**Task directions**
All of the data that follows should be given again exactly, without its images.

**Data segment**
#####

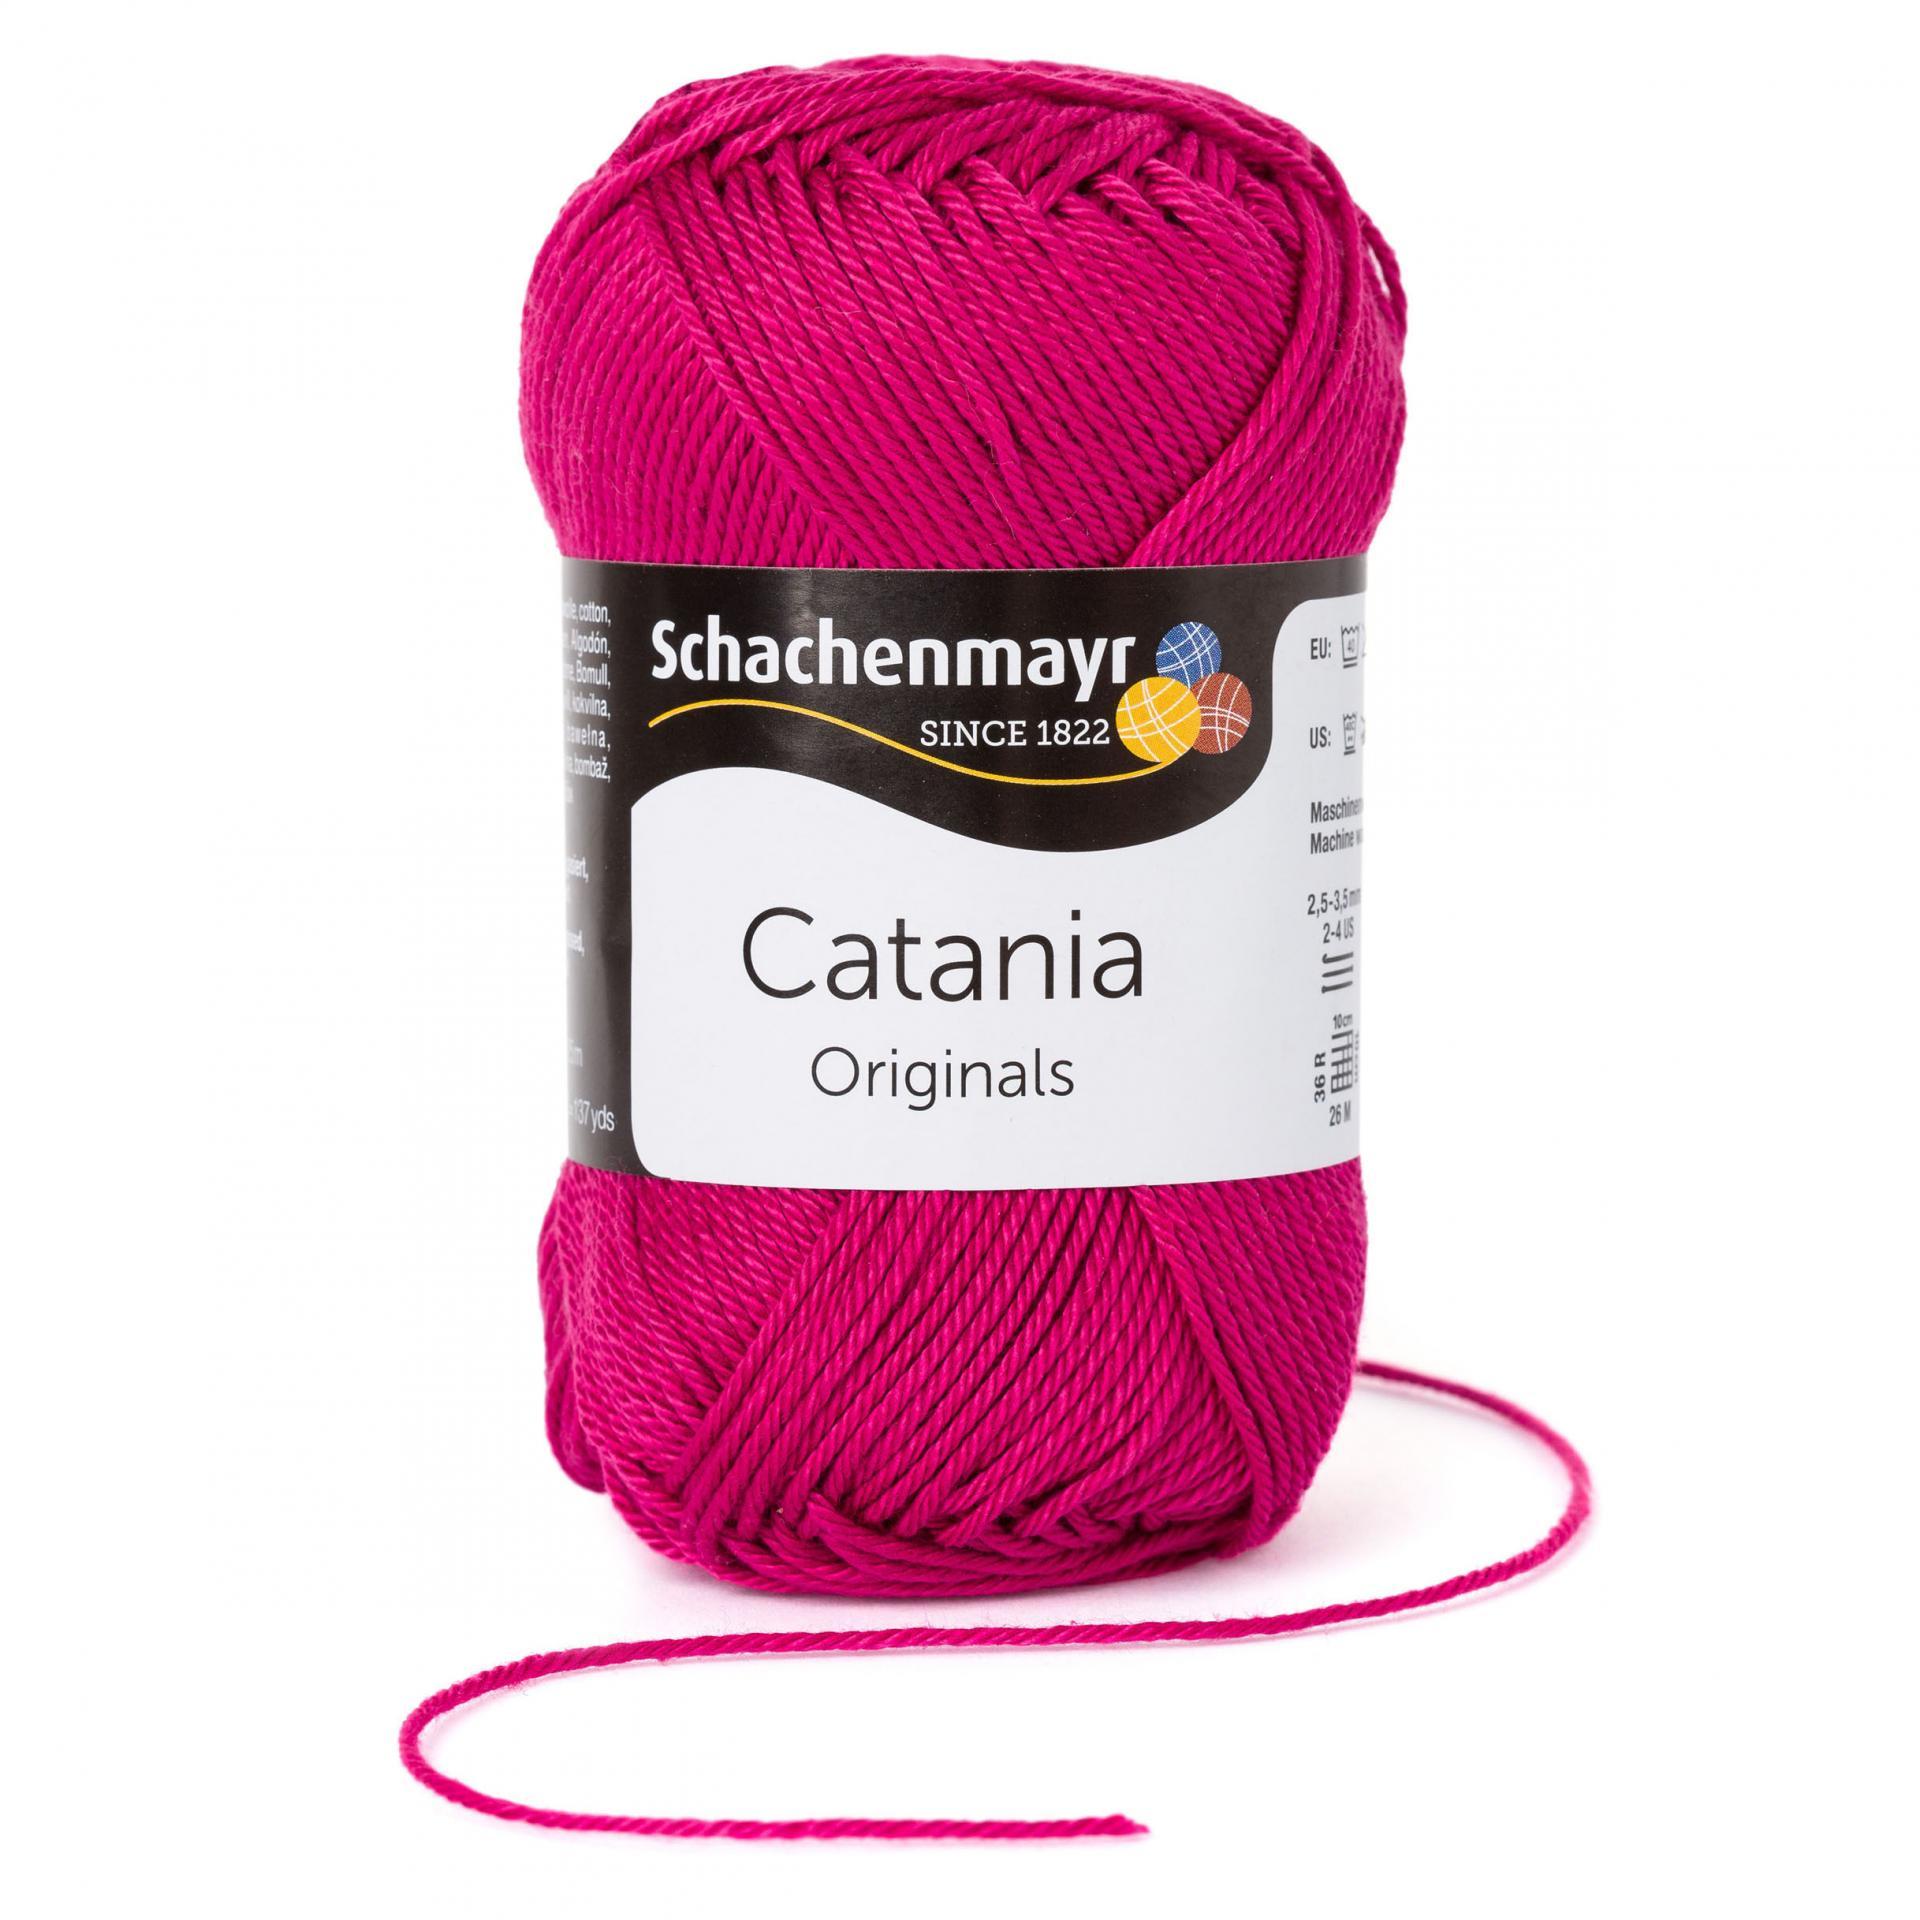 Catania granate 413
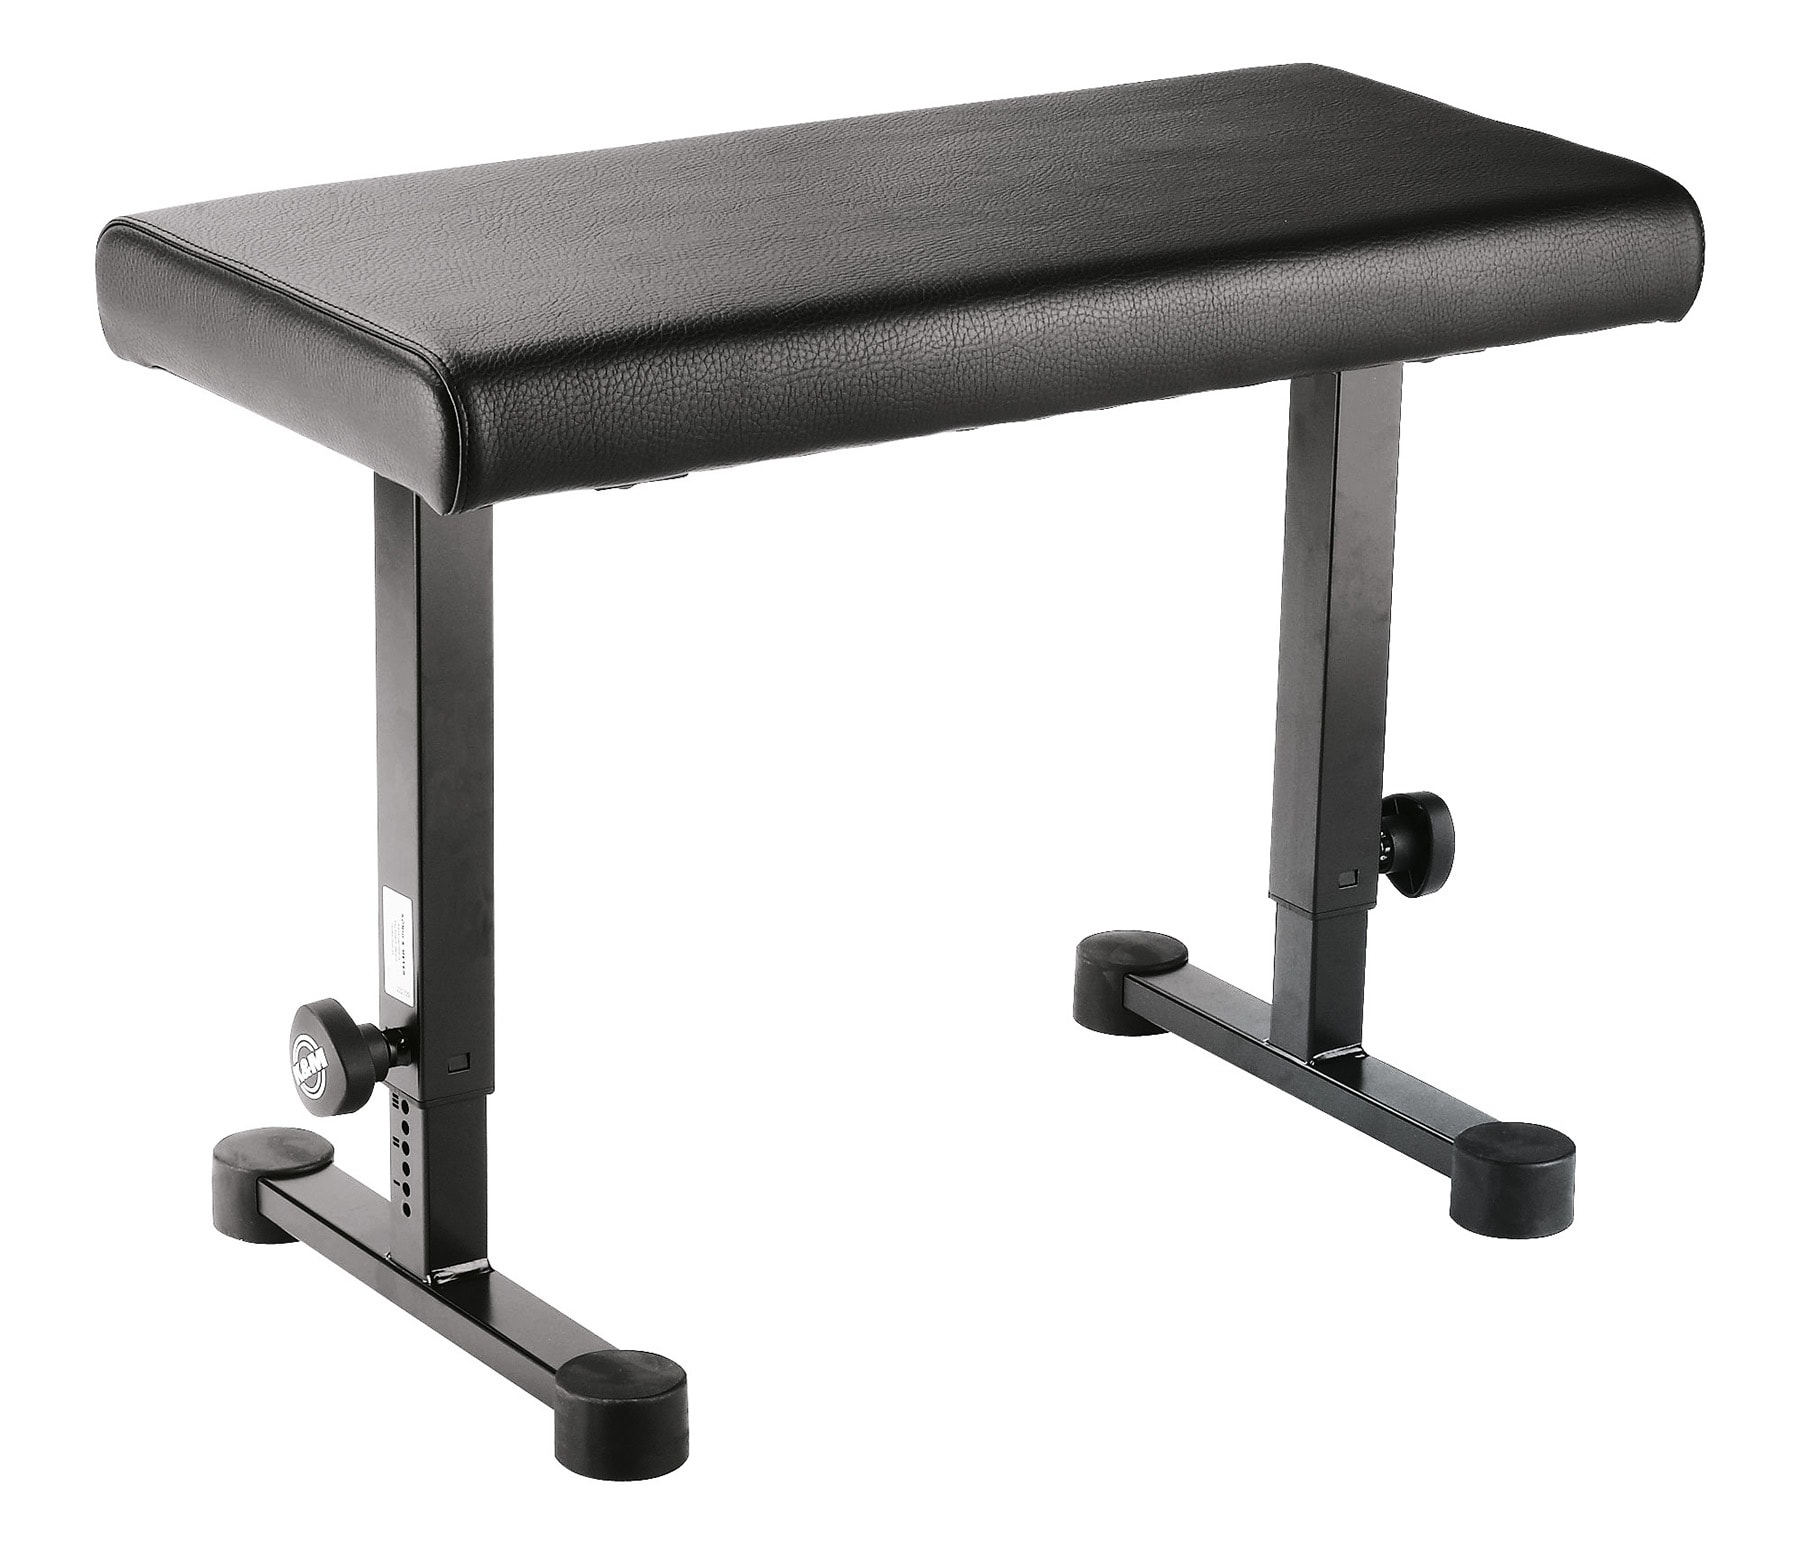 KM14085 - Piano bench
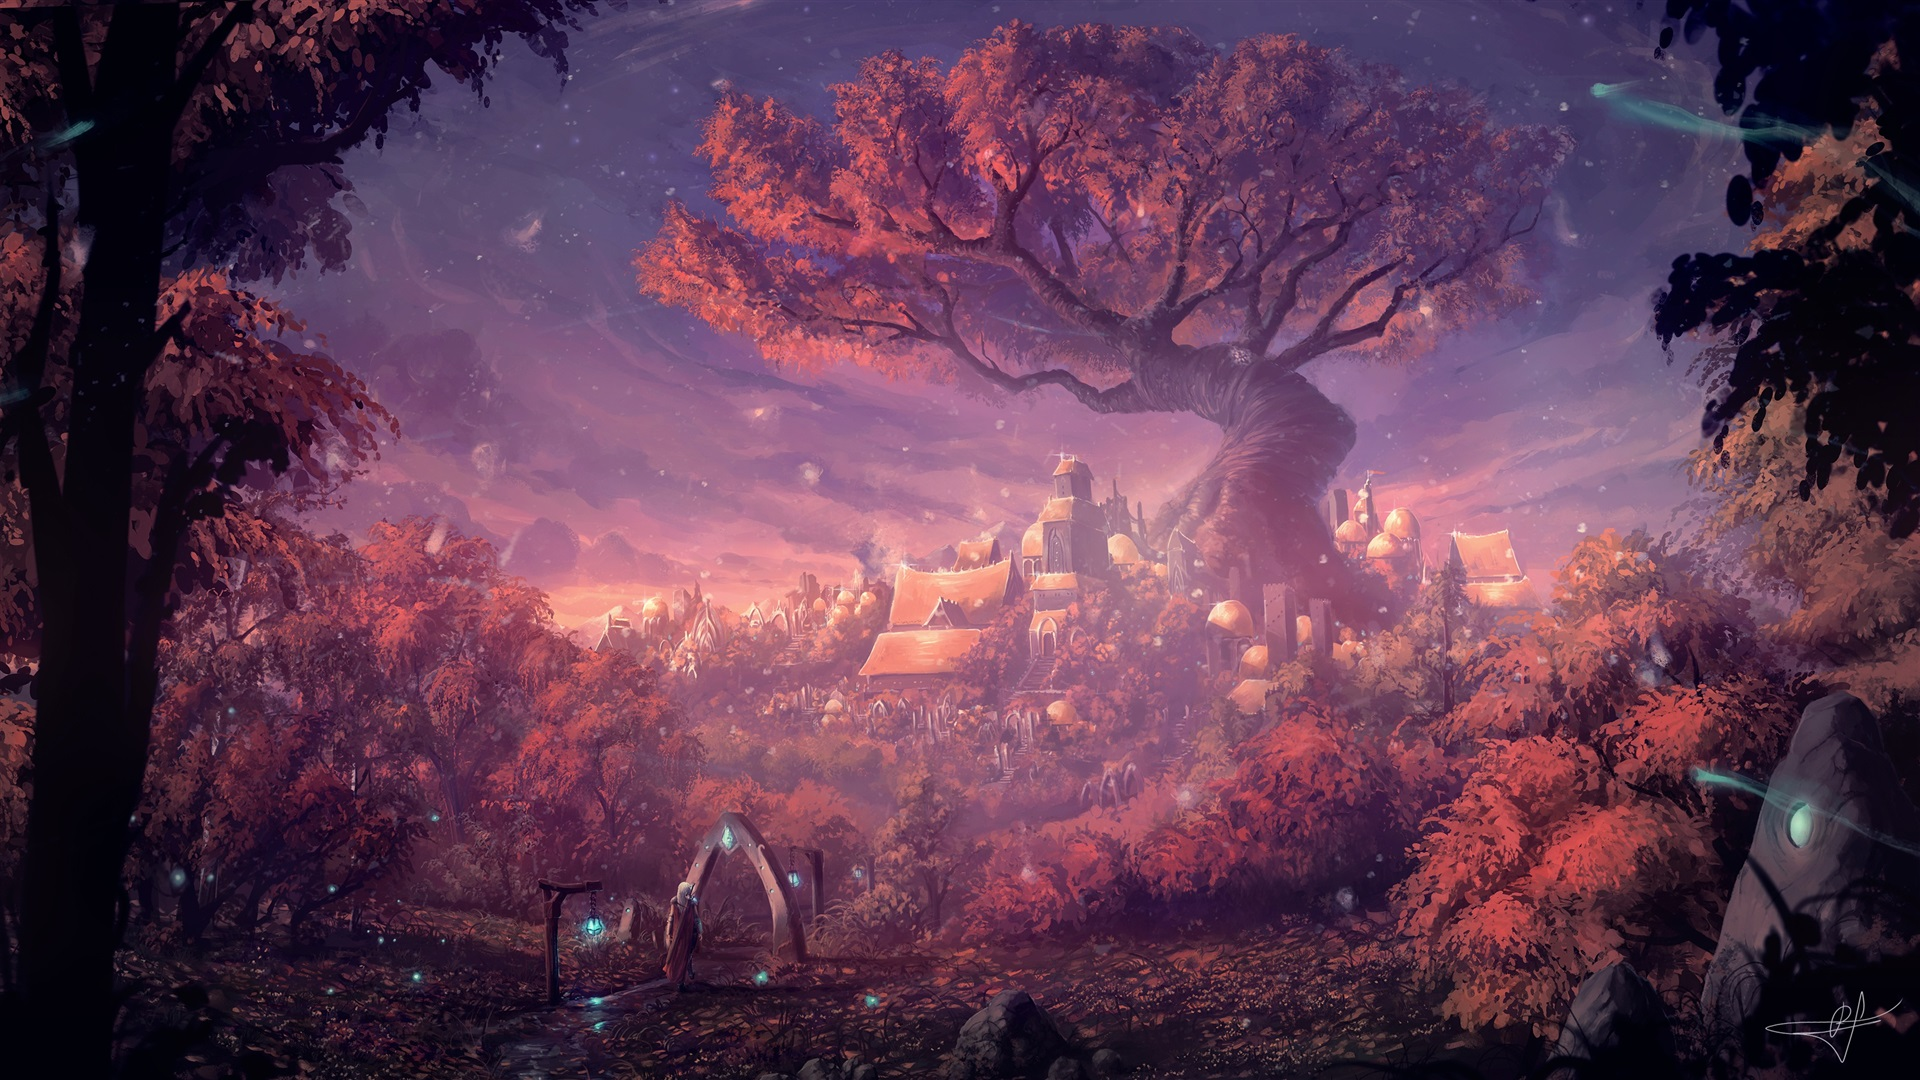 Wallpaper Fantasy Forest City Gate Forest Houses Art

#####

**Result of this exercise**
 Catania granate 413
 KM14085 - Piano bench
 Wallpaper Fantasy Forest City Gate Forest Houses Art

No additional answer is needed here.